While the need to exercise for PD patients has been shown in many studies, this was one of the first to be conducted for 6 months instead of 12 weeks. The participants were divided into three groups, HIIT exercise, moderate exercise and no exercise. All scored about 20 on a PD scale of 0 – 108 before the study. When scored after the 6 months The HIIT group showed no change while the moderate group got worse by 1.5 points and the no exercise group worsened by 3 points or about a 15% change.

Although the primary exercise used during this study was the treadmill, Kathy, our Parkinson’s cycling instructor immediately figured that we can step up our cycling program to include high intensity intervals and start raising our aerobic fitness level. So, even though many of us thought we were doing high intensity training already (well at least I did), she started pushing us to reach the 80 – 85% heart rate after Thanksgiving. Almost every workout has incorporated HIIT and I am already starting to see a change in just 6 weeks. The first few sessions I found I had to lower the gear to finish the workout. But each time I felt I was getting stronger and this week I was able to increase instead of decrease the gear and still maintain the required 80 – 90 RPM. I am happy with that progress and I am noticing a reduction in my symptoms after exercise including not feeling ‘off’ a half hour or so before it’s time to take my medicines on the day of exercise.

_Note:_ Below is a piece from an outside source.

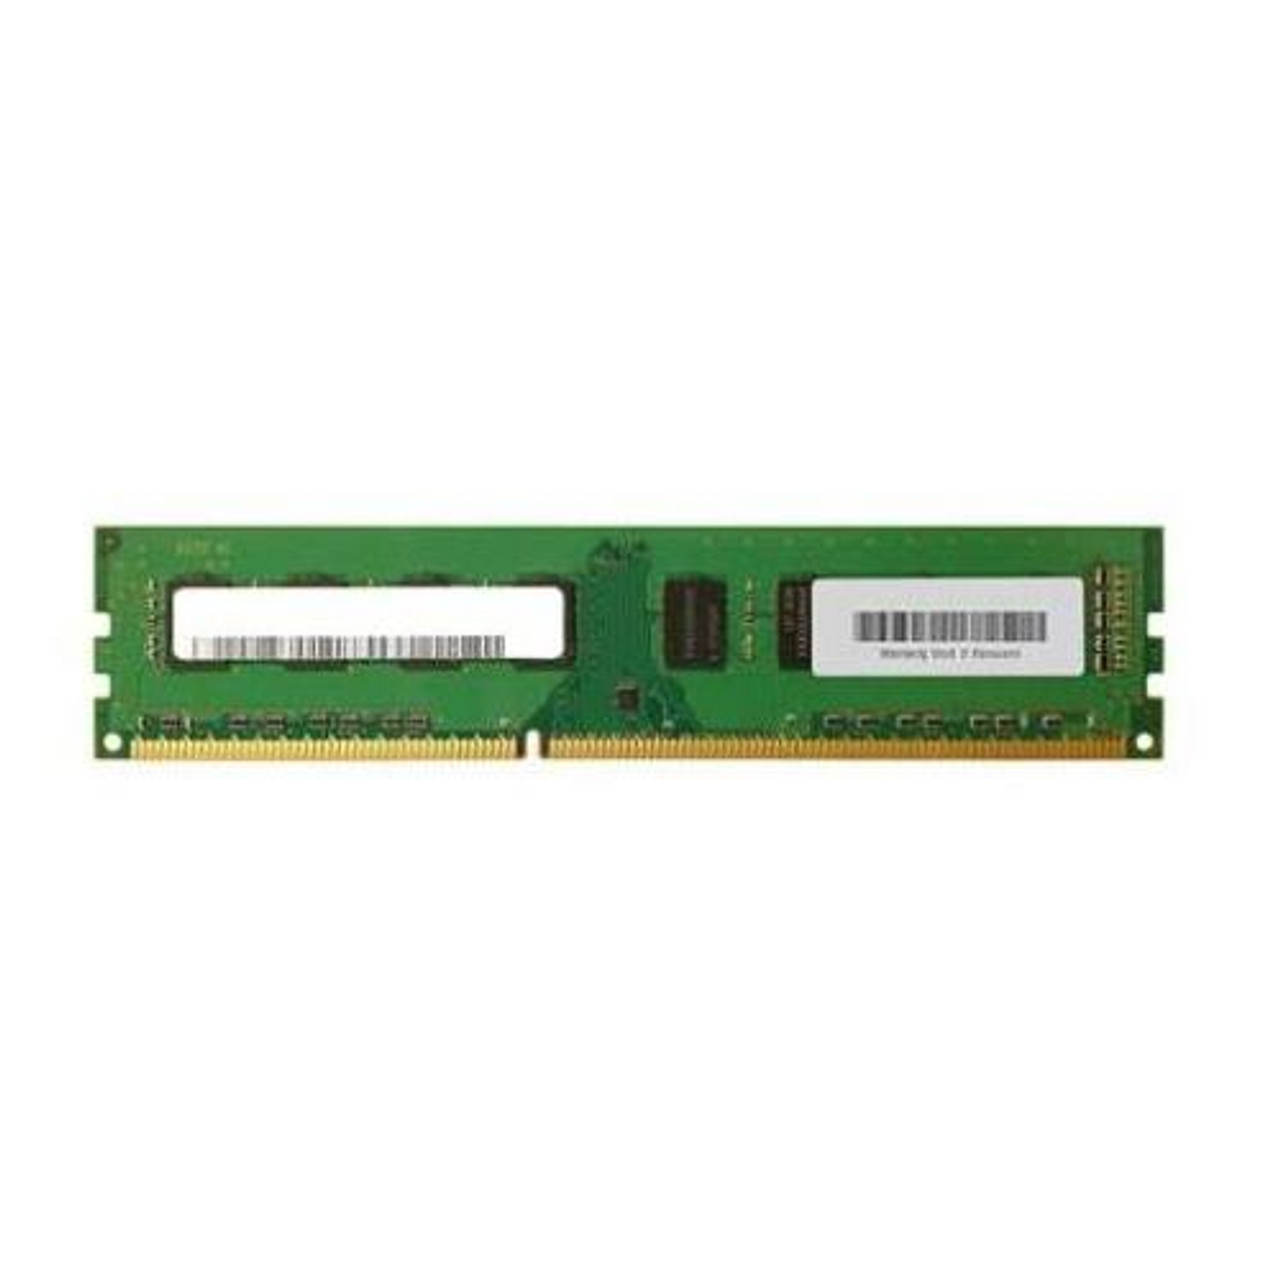 172707-003 Compaq 8MB EDO 60ns 72-Pin DIMM Memory

But I wondered what is happening to my aerobic fitness? Then I discovered that my Fitbit app is keeping track of my cardio fitness! The app determined my heart rate zones and then uses those zones and my resting heart rate to compute a cardio fitness score. As you can see in this screen shot on the left, Fitbit has determined that, for me, a heart rate greater than 126 is my peak zone and my cardio zone is 104 – 125. The peak range is approximately 80% of my maximum heart rate so anything above that would be considered high intensity exercise.

The app also graphs my heart rate for the entire day so I can tell from that graph how long I was in the peak zone. The screen shot on the left is for 1/2/18 which includes a cycling class.

So I was in the ‘zone’ for 9 minutes during the class which corresponds to intervals where we pushed up to 85 or 90 RPM for short periods.

And here are screen shots showing my cardio fitness as computed by Fitbit on November 16, 2017 and January 2, 2018. So, in theory, I’ve already improved my Cardio Fitness by a point since we started the HIIT. But just as important is that fact that either score is considered excellent by Fitbit where the average score for men over 60 is 27.2 – 31.0.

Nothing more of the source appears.